Акулька перестала реветь. Она только пожелала, чтобы Агашка сейчас же пришла в клеть и легла спать с ней рядом…
— Пущай лягит вот тута… Где она?
— Погодь, придет… Завтра, чуть свет, печь затопим… я тебе вот какой ломоть отхвачу, во весь каравай!.. — приговаривал Петруха и утирал своей рукой грязный нос Акульке…
Пришла ‘с Горохов’ Агашка и принесла стручков.
— Хошь, тятька?
— Окульке дай!
Агашка отсыпала кучу стручков отцу и пошла к сестренке.
— Ложись, Огашка!.. Чаво ты убегла?.. — встретила ее Акулька.
— Хошь?
— Хочу…
— Стручки… А вот ягоды… Кра-а-сны!.. Сла-а-а-дки!..
— Давай!..
И Агашка накормила Акульку ‘волчьими ягодами’…
На другой день, не взошло еще солнце, пришла Акулина и стала возиться около печки.
Петруха надергал у соседей из прясла кольев и затопил пень, потом стал собираться в село — Митьку ‘хоронить’. Он обулся в новые лапти, расчесал голову, надел чистую рубаху.
Когда солнце взошло, Петруха разбудил Агашку:
— Дочка! вставай! Подь простись с Митькой! Поцелуй его!
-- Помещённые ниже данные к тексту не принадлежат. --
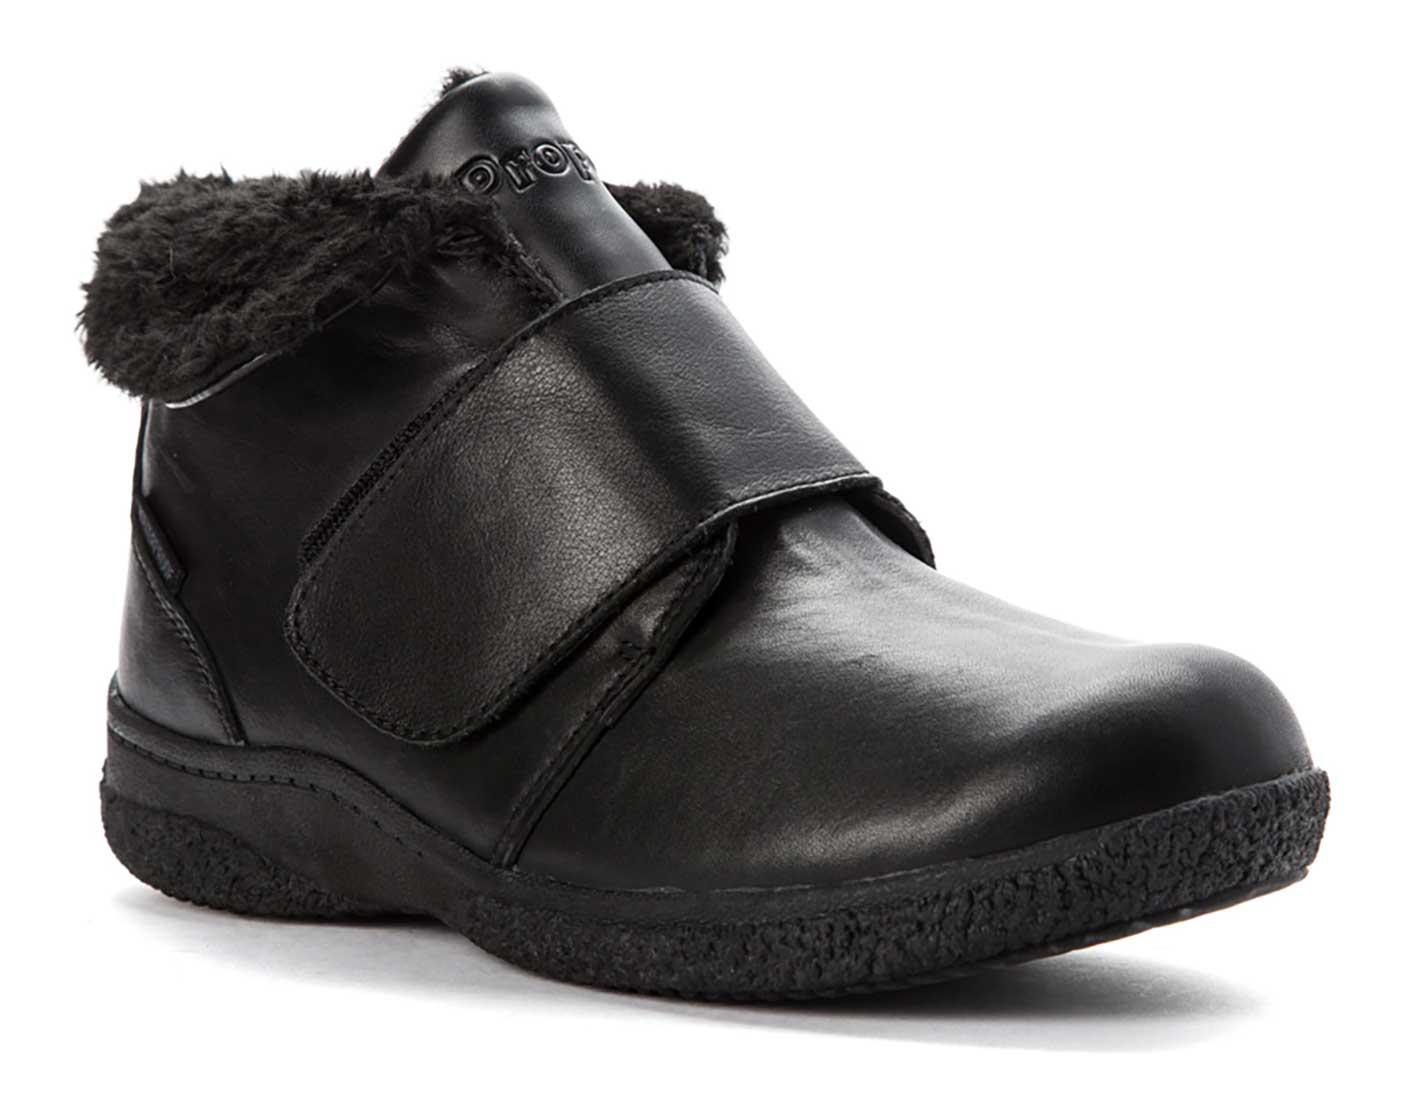 Dr A-B Comfort Cara Womens Chukka Boot: Brown 10 Medium Lace Up
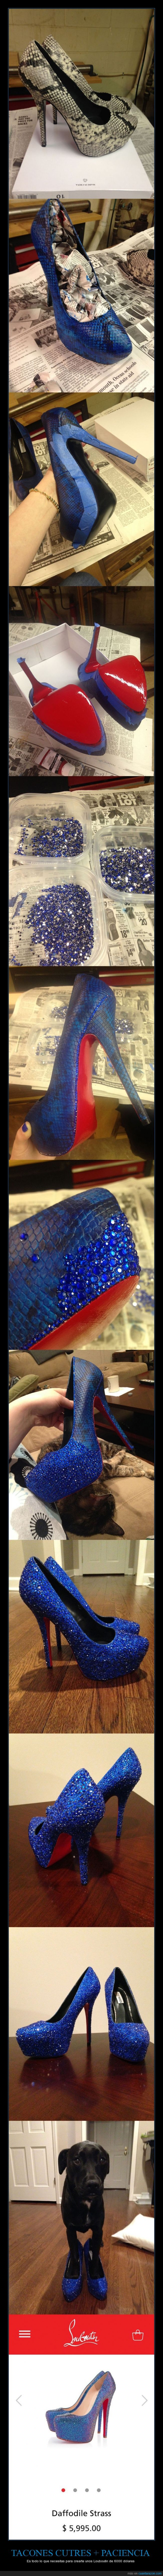 apaño,azul,crear,imitación,louboutin,paciencia,pedreria,pegar,pintar,roja,serpiente,suela,tazones,zapatos

Агашка торопливо встала и пошла в избу.
— Помолись, дочка!
Агашка перекрестилась и, встав на лавку, поцеловала Митьку в лоб.
— Вот умница!.. Еще поцелуй!.. Три раза!..
Агашка поцеловала Митьку еще два раза, а Петруха пошел в клеть, взял на руки сонную Акульку и принес ее в избу, тоже ‘прощаться’… Он ткнул ее лицом в Митькины губы и сказал за нее:
— Прощай, братец Митенька!..
Акулька заплакала.
— Не плачь, дочка! Ужо хлеб испечем… Я тебе, знаешь ли, какой ломоть отворочу?! Посолю-ю!.. Не плачь!..
Петруха отнес Акульку в клеть и положил, а сам вернулся в избу.
Помолившись пред божницей, он трижды бухнулся Митьке в ноги, перекрестил его и несколько раз поцеловал, приговаривая:
— Прости нас! Царство тебе небесное, сердечный!..
Потом простилась Акулина. Она всплакнула и, когда Петруха забивал крышку гробика, стояла у косяка чулана и утирала рукавом слезы…
— Ну, с богом!.. Господи, благослови!.. — произнес Петруха, взял гробик и пошел из избы…
Петруха возвращался с кладбища соседнего села. Он схоронил Митьку и за всеми расходами имел еще гривен шесть денег.
День был воскресный. Только что отошла обедня. Около трактира, на площади, толпились мужики, парень с гармоникой сидел на лавочке у трактира и грыз семечки. Петрухе хотелось есть, но, когда он приметил кабак, ноги самовольно заворотили к нему… ‘Выпью стаканчик, Митьку помяну…’ — подумал Петруха, засунул руку в карман и позвенел медяками…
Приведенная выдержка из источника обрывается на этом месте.